Yeah it actually doesn't, it raises a CALL_FUNCTION IPI on the
current CPU. Maybe it should do that.

> 
> I'm sure this case has been tested (on x86), as I stressed this quite a
> bit, and all it takes is to have an RT task queued on the CPU
> processing the current "push" logic when it's not holding the rq locks
> and read that the current CPU now has an overloaded RT task.
> 
> If calling irq_work_queue_on() is really bad to do to the same CPU,
> then we can work on changing the logic to do something different if the
> CPU returned from rto_next_cpu() is the current CPU.

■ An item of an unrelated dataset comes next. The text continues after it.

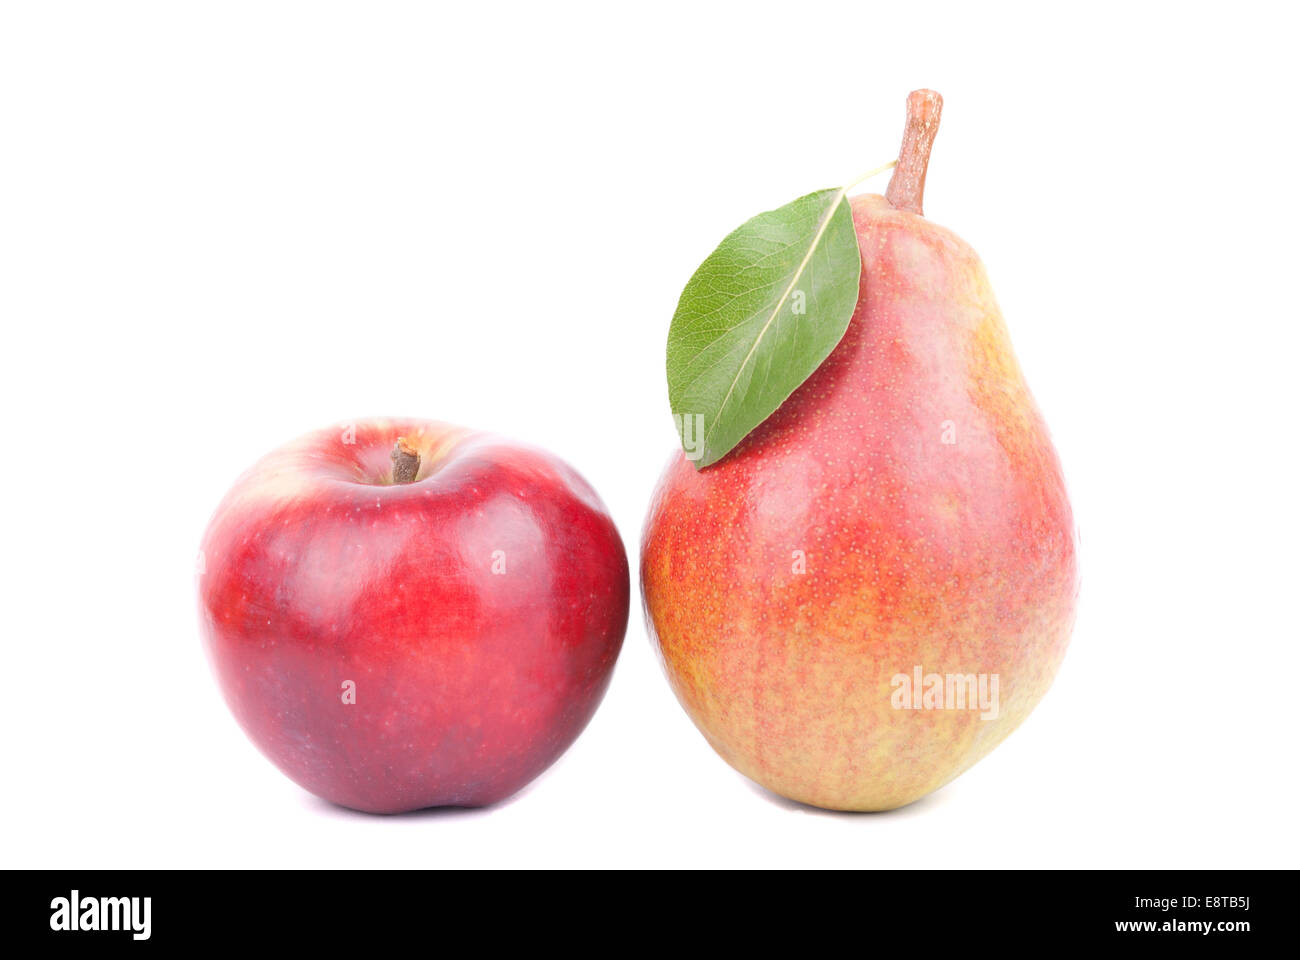 Apfel und Birne auf einem weißen Hintergrund. Stockfoto

I don't actually know that it is bad. It does seem to violate the
principle of least surprise for arch code though.

From this bug report, I'm guessing it's pretty rare case to hit so
I would worry about subtle bugs. And I just cc'ed you in case your
code was actually not intending to do this.

> Or would it be possible to just change irq_work_queue_on() to call
> irq_work_queue() if cpu == smp_processor_id()?

Something like this?

kernel/irq_work: Do not raise an IPI when queueing work on the local CPU

The QEMU powerpc/pseries machine model was not expecting a self-IPI,
and it may be a bit surprising thing to do, so have irq_work_queue_on
do local queueing when target is current CPU.

Suggested-by: Steven Rostedt <rostedt@goodmis.org>
Signed-off-by: Nicholas Piggin <npiggin@gmail.com>
---
 kernel/irq_work.c | 78 ++++++++++++++++++++++++++---------------------
 1 file changed, 43 insertions(+), 35 deletions(-)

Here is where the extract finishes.